WHEREAS, Airline has acquired, or is in the process of acquiring a certain number of aircraft equipped with installed CFM Engines (as defined below), and

WHEREAS, CFM and Airline desire to enter into this Agreement to establish the terms and conditions governing the sale by CFM and the purchase by Airline of Spare Engines (as defined below), related equipment and spare parts therefor and the product services to be supplied by CFM in support of such installed and Spare Engines for use by Airline with respect to its commercial passenger service purposes (“Activities”), and

NOW, THEREFORE, in consideration of the mutual covenants herein contained, the respective Parties hereto agree as follows to the respective Sections of this Agreement. Capitalized terms used herein that are otherwise undefined shall have the meanings ascribed to them in Section I (“Definitions”), unless the context requires otherwise.

SECTION I – DEFINITIONS

These definitions shall apply for all purposes of this Agreement unless the context otherwise requires.

Aircraft” means the aircraft on which the Engine(s) listed in the applicable letter agreement to this Agreement is (are) installed.

Agreement” means this General Terms Agreement (together with all exhibits, and specific transaction agreements (“Letter Agreements”) and attachments) between CFM and Airline.

Airworthiness Directive” means a requirement for the inspection, repair or modification of the Engine or any portion thereof as issued by the Federal Aviation Administration of the United States Department of Transportation (“FAA”) and/or the European Aviation Safety Agency (“EASA”).

ATA” means the Air Transport Association of America.

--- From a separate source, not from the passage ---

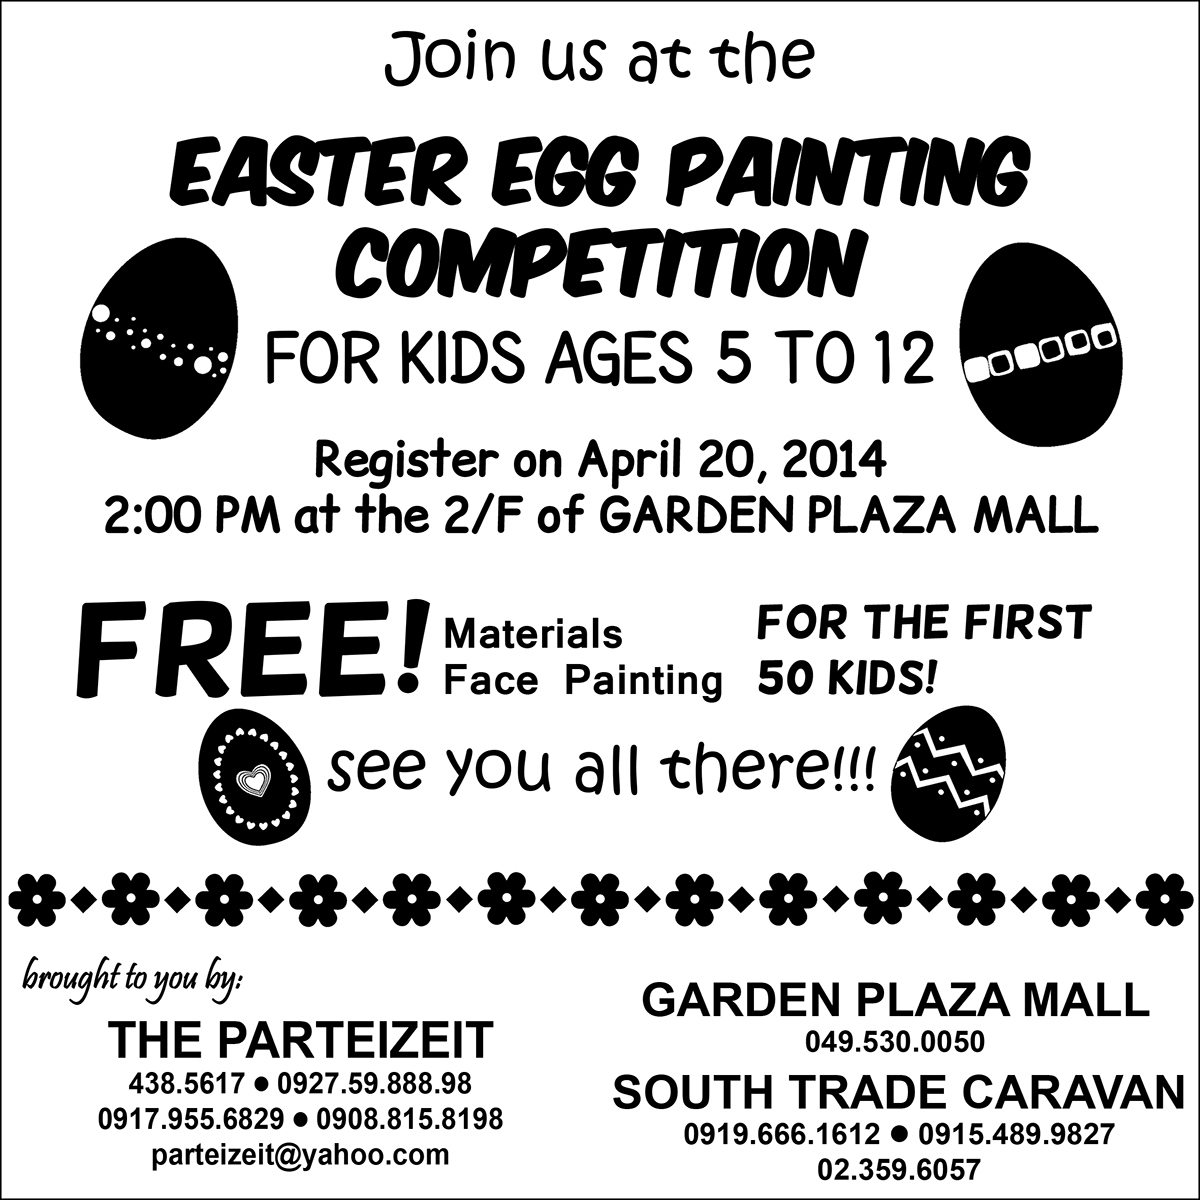 garden plaza mall advertisement event ad easter egg painting Competition

Data” means all information and data of any type, form or nature (including, but not limited to, designs, drawings, blueprints, tracings, plans, models, layouts, software, specifications, technical publications, electronic transmittals, website data and memoranda) which may be furnished or made available to Airline by CFM, directly or indirectly, as the result of this Agreement, but excluding any of the foregoing that is in the public domain, through no fault of Airline, was in the possession of Airline without restriction on use prior to its disclosure to Airline by CFM or that is independently developed by Airline as evidenced by written records.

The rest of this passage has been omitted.